Traceback (most recent call last): [10/1911] File “/mnt/data/wxc/workspace/release/qlora_train.py”, line 197, in <module> train() File “/mnt/data/wxc/workspace/release/qlora_train.py”, line 191, in train trainer.train() File “/home/wxc/miniconda3/envs/llama/lib/python3.9/site-packages/transformers/trainer.py”, line 1661, in train return inner_training_loop( File “/home/wxc/miniconda3/envs/llama/lib/python3.9/site-packages/transformers/trainer.py”, line 1740, in _inner_training_loop self.optimizer, self.lr_scheduler = deepspeed_init(self, num_training_steps=max_steps) File “/home/wxc/miniconda3/envs/llama/lib/python3.9/site-packages/transformers/deepspeed.py”, line 343, in deepspeed_init hf_deepspeed_config.trainer_config_finalize(args, model, num_training_steps) AttributeError: ‘HfDeepSpeedConfig’ object has no attribute ‘trainer_config_finalize’

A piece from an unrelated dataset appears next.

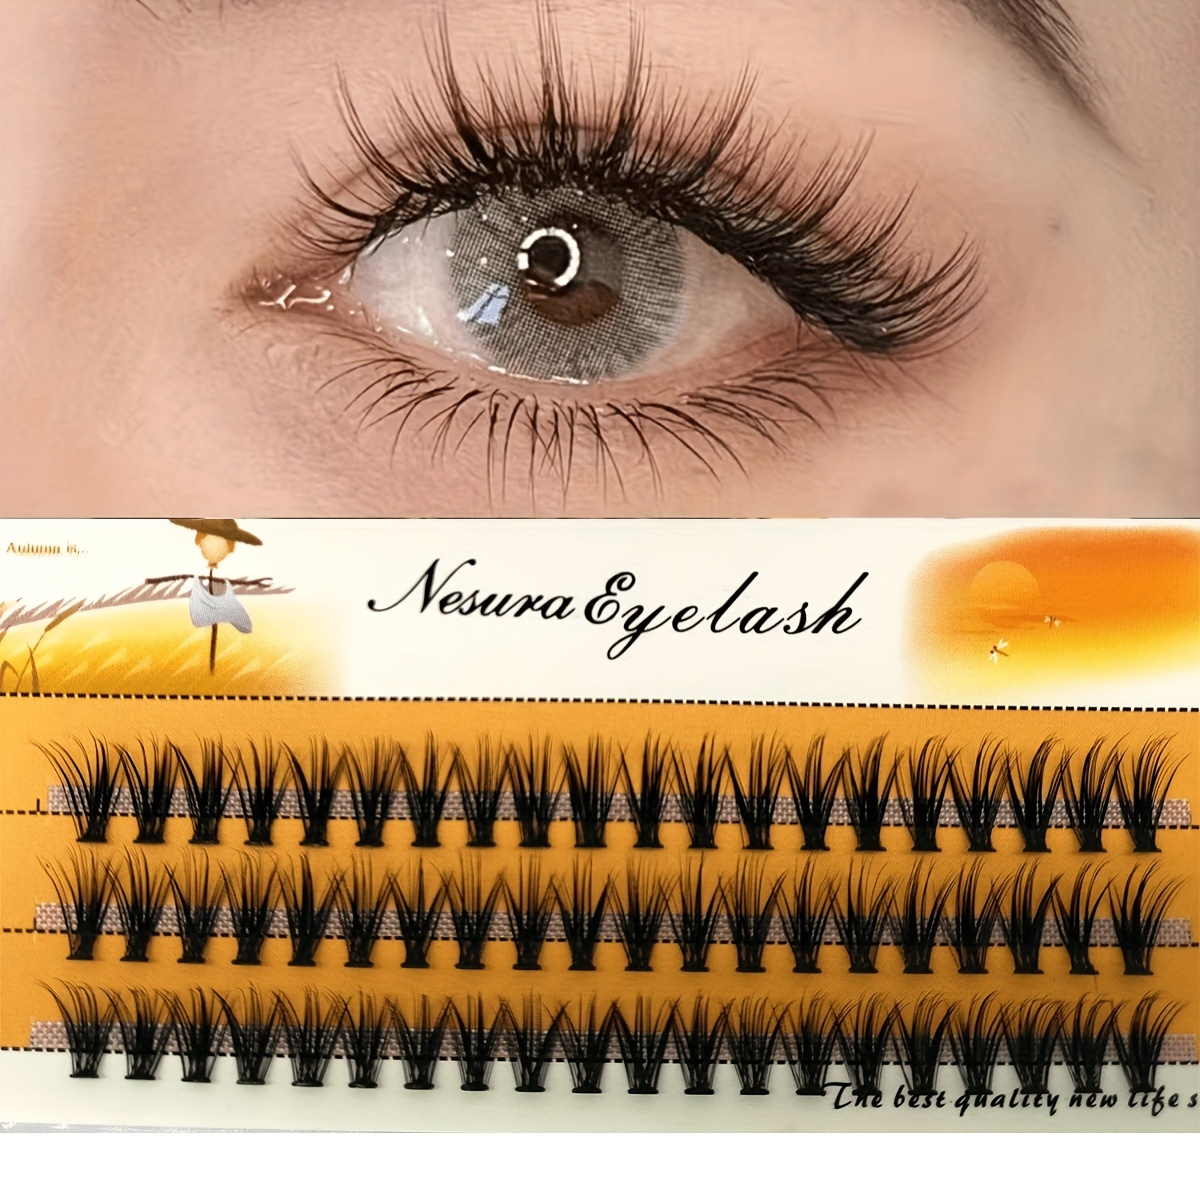 

60 Clusters 3 Rows C Natural Soft Bunch Eyelashes, 11mm Length, Suitable For Daily Use And Special Occasions Like Parties, Cosplay, And Role Play

To Reproduce Steps to reproduce the behavior: 1.CUDA_VISIBLE_DEVICES=“0,5” accelerate launch --nnodes=1 --nproc_per_node=2 --master_port=‘29501’ qlora_train.py --learning_rate=2e-5 --per_device_train_batch_size=46 --gradient_accumulation_steps=1 --deepspeed deepspeed_config_s2.json
the deepspeed_config_s2.json `{ “fp16”: { “enabled”: “auto”, “loss_scale”: 0, “loss_scale_window”: 1000, “initial_scale_power”: 16, “hysteresis”: 2, “min_loss_scale”: 1 },
"optimizer": {
"type": "AdamW",
"params": {
"lr": "auto",
"betas": "auto",
"eps": "auto",
"weight_decay": "auto"
}
},
"scheduler": {
"type": "WarmupLR",
"params": {
"warmup_min_lr": "auto",
"warmup_max_lr": "auto",
"warmup_num_steps": "auto"
}
},
"zero_optimization": {
"stage": 2,
"offload_optimizer": {
"device": "cpu",
"pin_memory": true
},
"allgather_partitions": true,
"allgather_bucket_size": 2e8,
"overlap_comm": true,
"reduce_scatter": true,
"reduce_bucket_size": 2e8,
"contiguous_gradients": true
},
"gradient_accumulation_steps": "auto",
"gradient_clipping": "auto",
"steps_per_print": 2000,
"train_batch_size": "auto",
"train_micro_batch_size_per_gpu": "auto",
"wall_clock_breakdown": false
}`
Expected behavior I was able to run successful deepspeed multi-card training before, but after joining QLORA, I encountered this error.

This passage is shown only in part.